Semejante diferencia entre estos dos pueblos ilustrados me asombra. Si vuelvo, en fin, la vista hacia Inglaterra, y observo lo que pasa en su seno de cuarenta años a esta parte, creo poder afirmar que el gusto por las ideas generales se desenvuelve a medida que la antigua constitución del país pierde su rigor.

El estado más o menos avanzado de cultura no basta por sí solo para explicar qué es lo que sugiere al espíritu humano el amor a las ideas generales y lo que derive de ellas. Cuando las condiciones son muy desiguales, y las desigualdades son permanentes, los individuos se hacen poco a poco tan diferentes, que se diría que hay tantas humanidades distintas como clases; nunca se descubre a la vez sino una sola, y perdiendo de vista el lazo general que las une a todas en el vasto seno del género humano, no se alcanza a ver más que a ciertos hombres, y no al hombre.

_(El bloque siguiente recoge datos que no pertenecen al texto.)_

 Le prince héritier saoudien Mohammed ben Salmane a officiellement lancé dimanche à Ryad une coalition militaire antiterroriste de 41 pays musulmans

Aquellos que viven en estas sociedades aristocráticas jamás conciben ideas muy generales relativas a sí mismos, y esto basta para darles una desconfianza habitual y una repugnancia instintiva hacia ellas.

El hombre que habita en países democráticos no encuentra cerca de él más que seres poco más o menos semejantes; no puede ocuparse de una parte cualquiera de la especie humana sin que su pensamiento se extienda hasta abrazar el conjunto. Todas las verdades son aplicables igualmente y del propio modo a cada uno de sus conciudadanos y semejantes. Habiendo contraído el hábito de las ideas generales en el estudio que más le ocupa e interesa, lo sigue en todos los demás, y así es como la necesidad de descubrir reglas comunes en todas las cosas, de encerrar un gran número de objetos bajo una misma forma y de explicar un conjunto de hechos mediante una sola causa, llega a ser una pasión ardiente y frecuentemente ciega del género humano.

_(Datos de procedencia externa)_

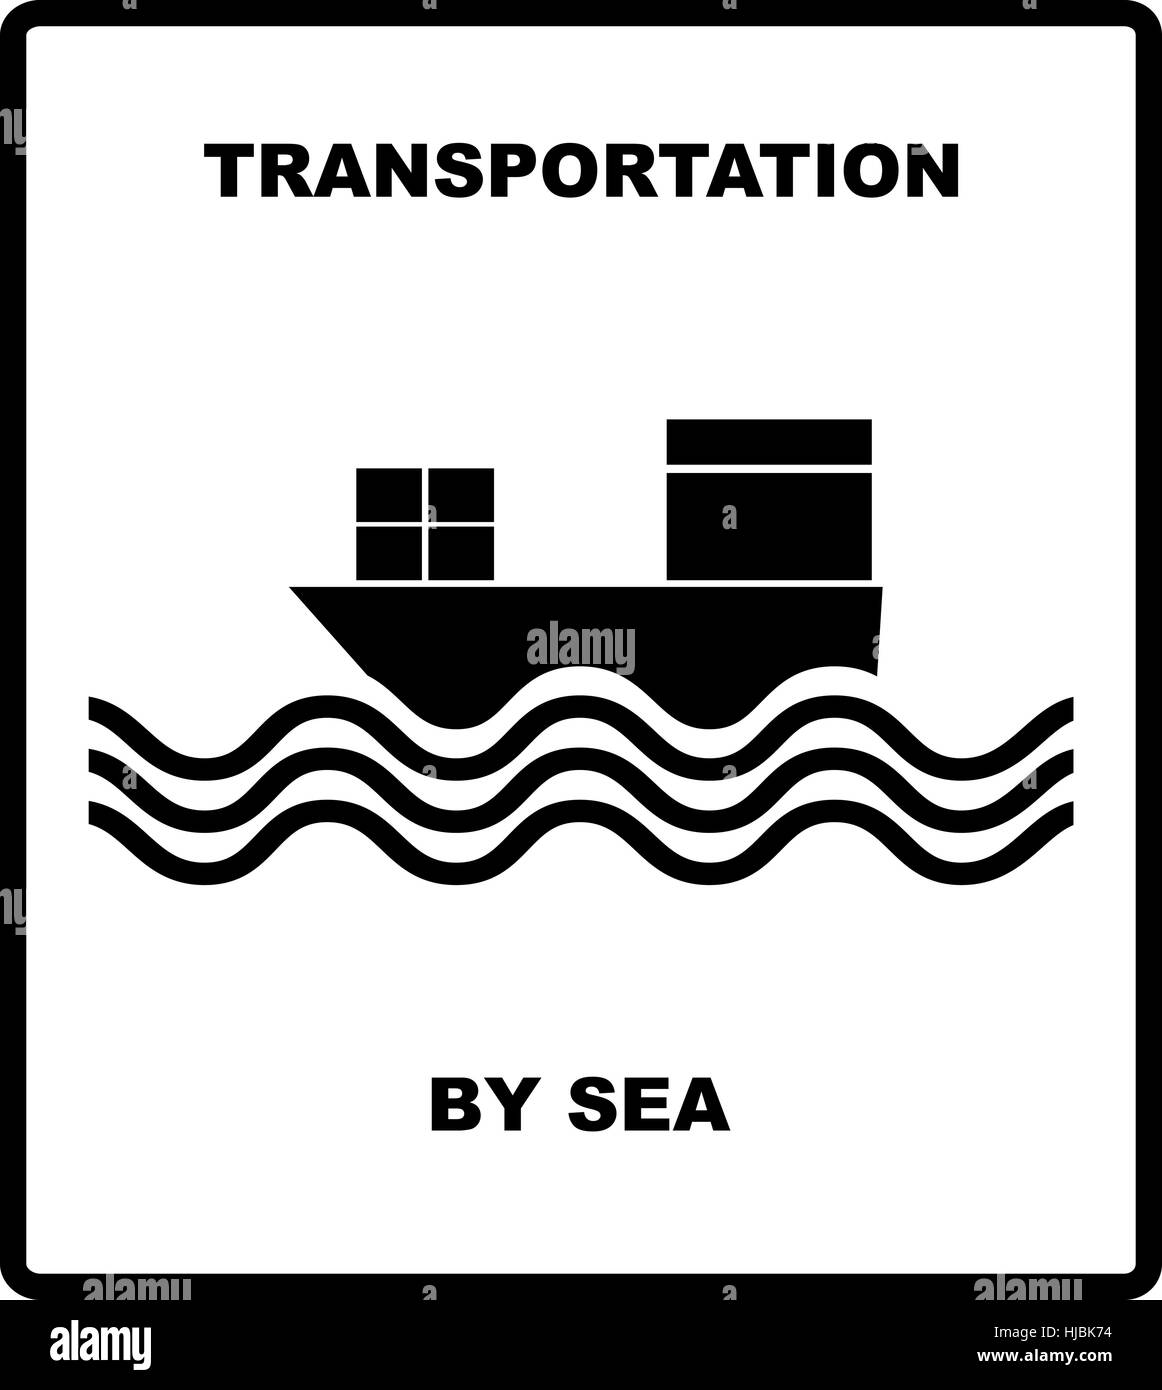 Passagier- und Transport von Meer, Eisenbahnen, Flugzeuge, LKW-Vektor-Illustration. Cargo Versand Banner für die Box. Vektor-Illustration. Schwarz Stock Vektor

Nada muestra mejor la verdad de lo que precede que las opiniones de la Antigüedad con respecto a los esclavos. Los ingenios más profundos y vastos de Roma y de Grecia no pudieron llegar jamás a la idea, tan general y al mismo tiempo tan sencilla, de la semejanza de los hombres y del derecho igual que al nacer tiene cada uno a la libertad; y aun se esforzaron en probar que la esclavitud estaba en la naturaleza y que existiría siempre. Diré más: que todo indica que aun los antiguos que de las clases de esclavos pasaron a ser libres, muchos de los cuales nos han dejado excelentes escritos, consideraban la esclavitud desde este mismo punto de vista.

Todos los grandes escritores de la Antigüedad formaban parte de la aristocracia de los maestros o, al menos, la veían establecida sin hacer reparo alguno. Su espíritu, después de extenderse por muchos lados, se encontrÓ limitado en éste, y fue preciso que Jesucristo viniese al mundo para hacer comprender que todos los miembros de la especie humana eran naturalmente iguales y semejantes.

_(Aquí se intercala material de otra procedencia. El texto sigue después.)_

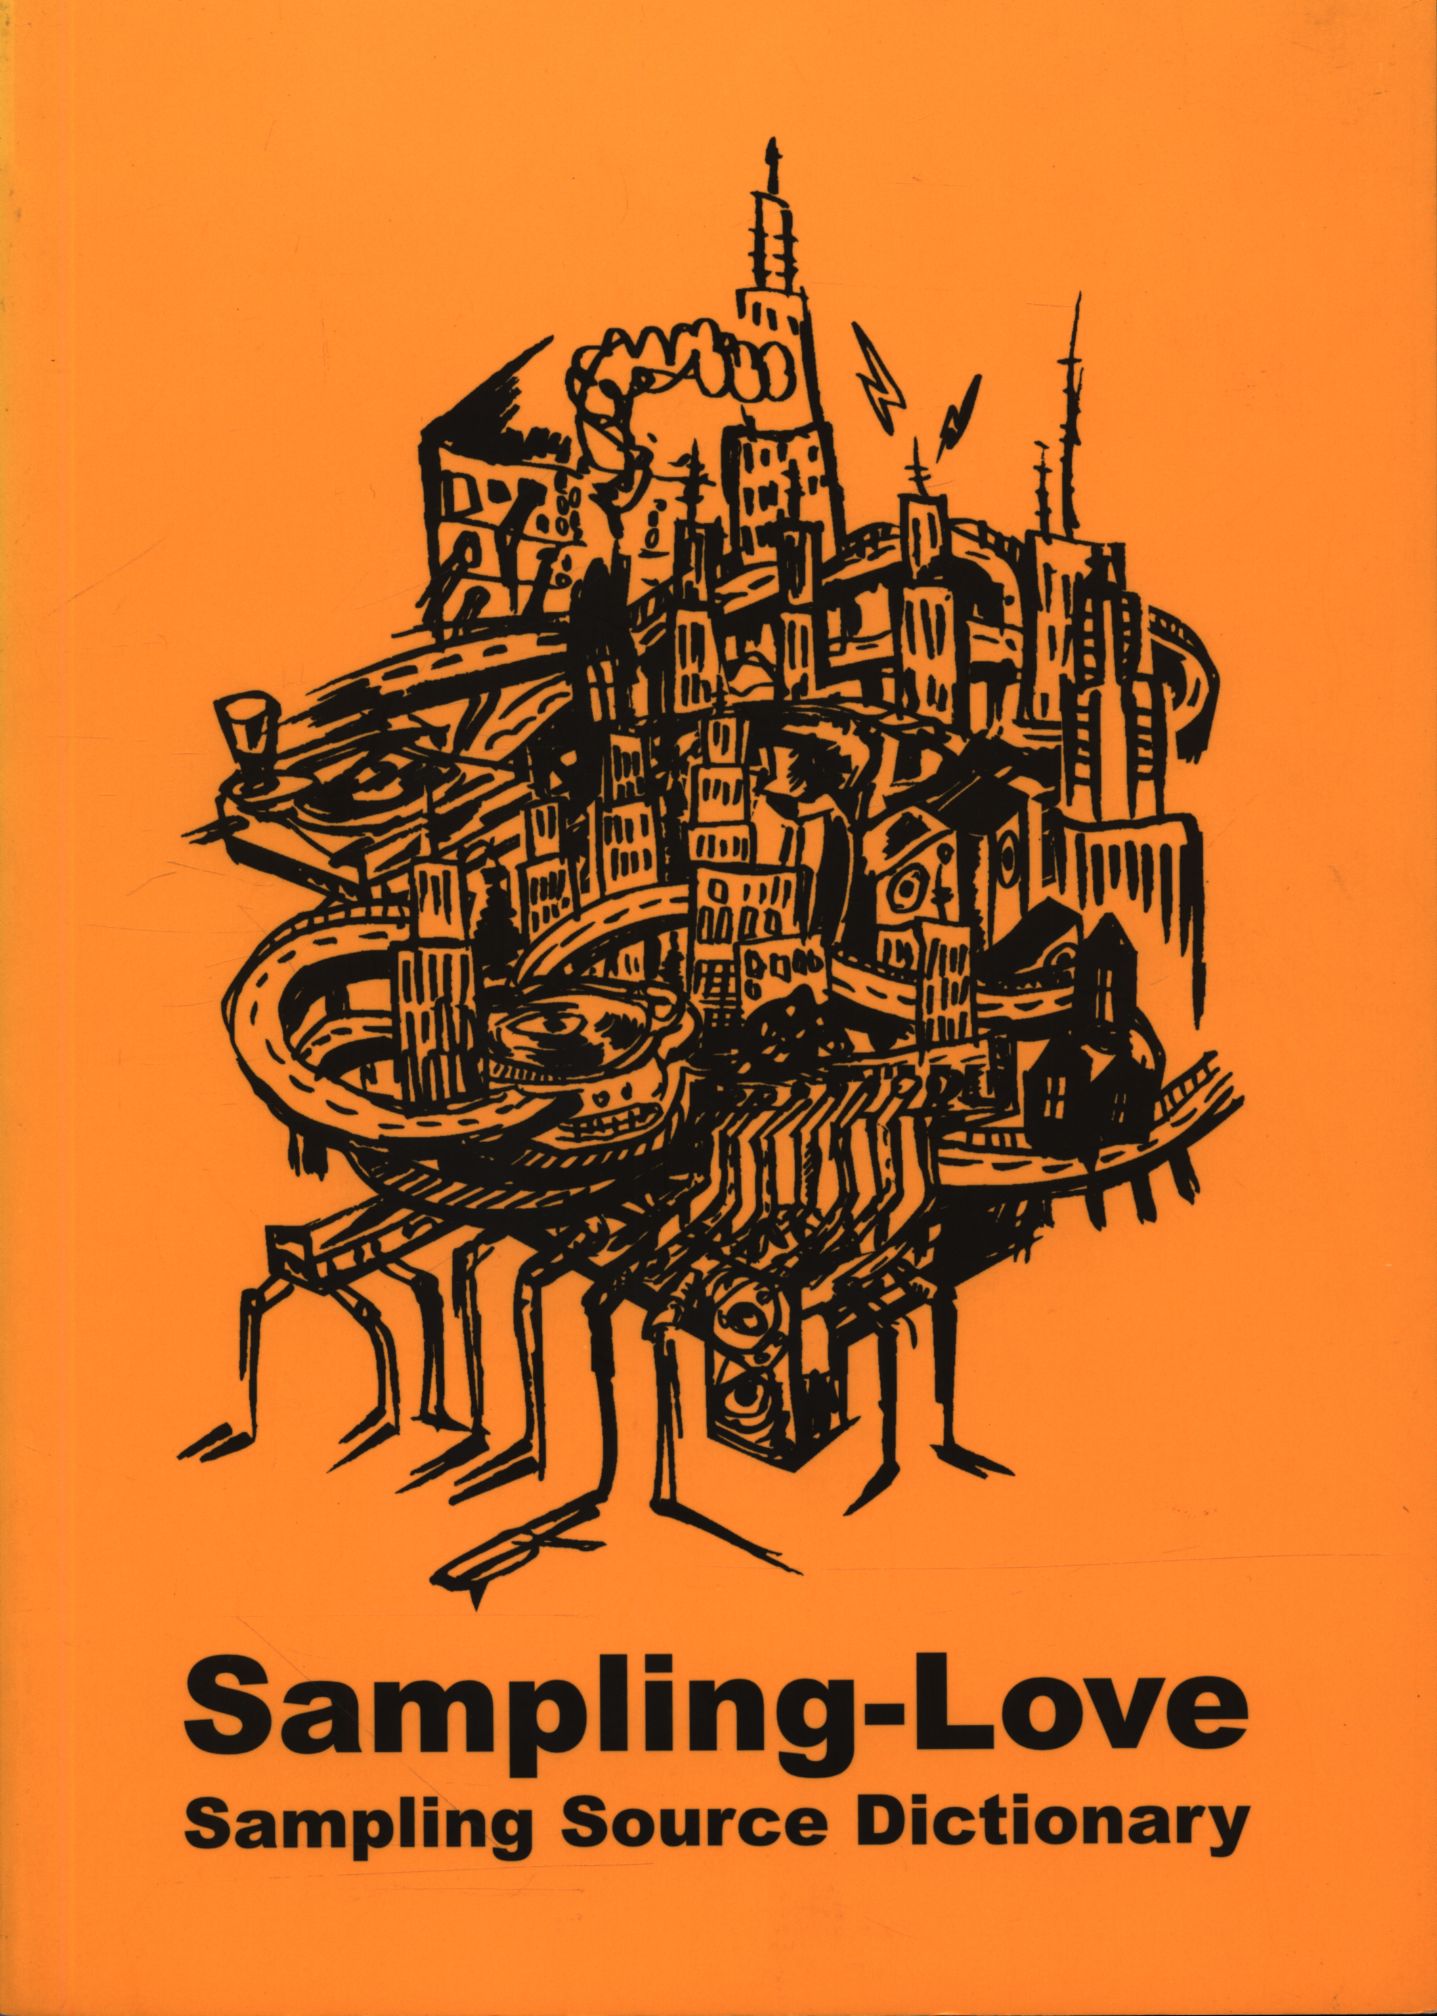 Sampling- Love 元ネタ曲探しsamplingsou

En los siglos de igualdad todos los hombres son independientes unos de otros, aislados y débiles. No se ve a ninguno cuya voluntad dirija de una manera permanente los movimientos de la multitud. En tales tiempos la humanidad parece que marcha casi siempre por sí sola. Para explicar lo que pasa en el mundo es preciso recurrir a algunas grandes causas que, obrando de igual modo sobre cada uno de sus semejantes, los conduce así a seguir todos una misma senda. Esto lleva naturalmente al espíritu humano a concebir ideas generales y a encontrarles gusto.

He demostrado que la igualdad de condiciones lleva a cada uno a buscar la verdad por sí mismo. Es fácil conocer que un método semejante guía insensiblemente el espíritu humano hacia las ideas generales. Cuando yo dejo a un lado las tradiciones de clase, de profesión y de familia, y abandono el imperio del ejemplo para buscar por el solo esfuérzo de mi razón la vía que deba seguir, me inclino a sacar la causa de mis opiniones de la naturaleza misma del hombre; lo cual conduce necesariamente y casi sin notarlo, hacia un gran número de nociones muy generales.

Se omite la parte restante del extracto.